I was supposed to get my period on the 8th. I'be been having cramping since before it was due. Not Sharp pains. Dull & achey. Other symptoms too, but the cramps are the stand out. Took a test tonight. BFN. Sorry, I know this post belongs in the other forum, but I wanted to ask people who already got their BFP.


----------



## Bethy

It's taken me 1 1/2 weeks since my first positive (11th Dec) to get a positive pregnancy test with light urine. All the other positives (there have been 4) were with dark. If I hadn't of been dehydrated, I would have got negatives all the way, because up until now, with light urine I've been getting negative upon negative upon negative.
I'm pretty sure that my hCG levels are and have been quite low in order to cause this situation. In the UK I don't think they test so it's just down to my own judgement. I am 5 weeks now, and apparently some people don't get a positive until 10 or 11! So there is no need to worry :) Maybe you could be in a similar situation?

Oh and dull achey cramps were my first and main symptom and still are!


----------



## xautumno

I've heard of that before. My best friend didn't get a positive until 9 weeks. I have hope. Still no AF!


----------



## lola_90

I would go to your gp hun, my last period was in october, and i have thrown up twice this week and nearly fainted but keep testing bfn. So my gp took blood and i get the results tomorrow. She said that sometime hpt arnt always accurate and that sometimes a pregnancy can only be detected early on by blood. 

Hope it works out for you :dust:


----------



## xautumno

I went to my obgyn today. All they did was give me a HPT & looked around down there. They didn't even address the cramps! Honestly, and I hope I don't offend bc I know hormones are running high, my OH & I were not trying to conceive. I've been on BC for a while but I have only been this late one other time & I ended up being pregnant(miscarriage at 8 weeks). I think they are being dismissing bc I was taking BC but I want to know why I have these cramps! It's not even horrible... It's just like dull achey pressure. I remember having the same cramps last time. Ugh. I'm so irritated & confused. I cried the whole way home from the doc today bc I was so upset with them.


----------



## xautumno

@Lola, please let me know how it goes & good luck!


----------



## Bluesea

to exautumno: yes, i got cramping before i got my bfp. the cramps were slightly different than period cramps because they were short in duration and come and go. hope it's your bfp!


----------



## tx555

All my blood and urine tests have been negative, but during a routine ultrasound it was found that I had a 5.5 weeks gestational sac, I would be just over 9 weeks now. Still getting negatives and waiting for a repeat u/s to determine exactly what is going on. But through my research I've seen quite a few women not get positives until around 8-12 weeks, some 6 months in just for kicks, and others never even when they are about to deliver. Although that is not the norm, just some people's bodies handle hcg differently.


----------



## lola_90

Blood test result were negative for hcg, so im not preggo :( was expecting it. But a christmas :bfp: would of been amazing!

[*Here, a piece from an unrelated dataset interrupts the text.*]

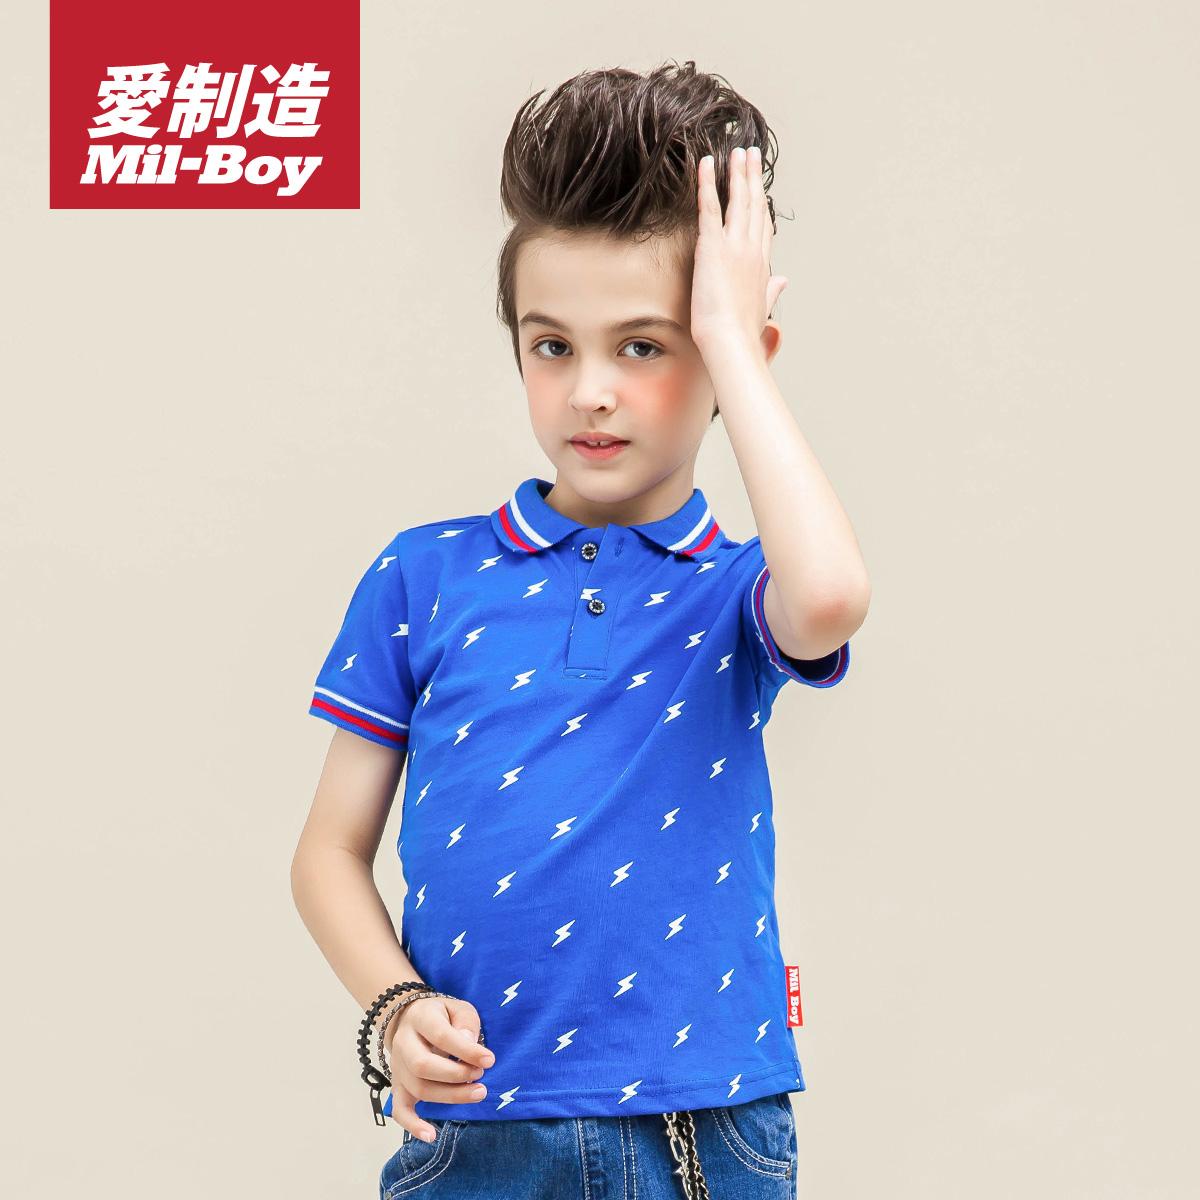 綠盒子 愛 男童滿版閃電印花棉質POLO衫2016夏新短袖T恤

Just got to wait (patiently) :haha: for my period to start before we can move on to our 10 month cycle!


----------



## xautumno

So sorry! Good luck next month. I still have not gotten my AF. Still mild cramping, but it seems less intense than a few days ago. It comes & goes as well. I'm starting to get some lower back pain. Did I also mention I have a tilted (retrovert?) uterus?


----------



## bees

How many DPO are you? Could it be that you ovulated later?

I have heard of some people not getting BFP's until much later. It's rare, but it happens.

Good-luck!


----------



## xautumno

I wasn't tracking my ovulation. I was due for AF on the 8th of December. Had two light spots of blood on my toilet paper 1 or 2 days before it was due. I have been having dull, pressure cramps for almost 3 weeks.


----------



## josephine3

I was once convinced this was happening to me. Even now I think I had an early m/c. Check this out: https://www.pregnancy-info.net/forums/Pregnancy_Tests/7_weeks_late_Still_negative_hpt_s_/pga-2/


----------



## RandaBear159

I just posted this on someone elses thread, but, when i took my test at home, i thought it was a negative cause nothing showed up right away, after 3 minutes i finally saw a line, very very very faint line, but a line none the less, so make sure you are waiting the full time if your not doing a digi


----------



## NickyNack

I didn't get a bfp with my last until I was admitted to hospital about 6 weeks. I tested on the Friday and got a negative and then was admitted on the Monday (7th march) and a verrrrry faint positive. Last Af was around 16th January. 

Good luck :)


----------



## xautumno

Josephine, I read the link you gave me. I'm utterly amazed that some one could still get a negative at 15 weeks! I am getting the run around from my doc, just like the women in the post.


----------



## Praying4O

I had 2 BFNs and then a positive one.


----------



## josephine3

glad your doc is looking into it for you!! some of these women even tested negative by blood too! its rare but can happen


----------



## xautumno

My doc? They aren't. They had me pee on a stick, said its negative, shrugged their shoulders at my cramps & sent me on my way. I'm a little irritated with them.


----------



## josephine3

Oh. when u said they were 'giving you the run around' i thought i meant in a positive way!! Mine were useless too, all they did was give me a urine preg test... not even a blood one!
Here is a link to my thread when I was going through this last month:
https://www.babyandbump.com/pregnan...nt-but-had-negative-hpt-till-really-late.html

Might help!! good luck


----------



## lola_90

See a woman doctor :) I had never seen her before and I did the urine test straight away and when that was negative she asked if I wanted bloods taken. She was really good. She said that when my period eventually starts to come back for more blood tests to check my hormones.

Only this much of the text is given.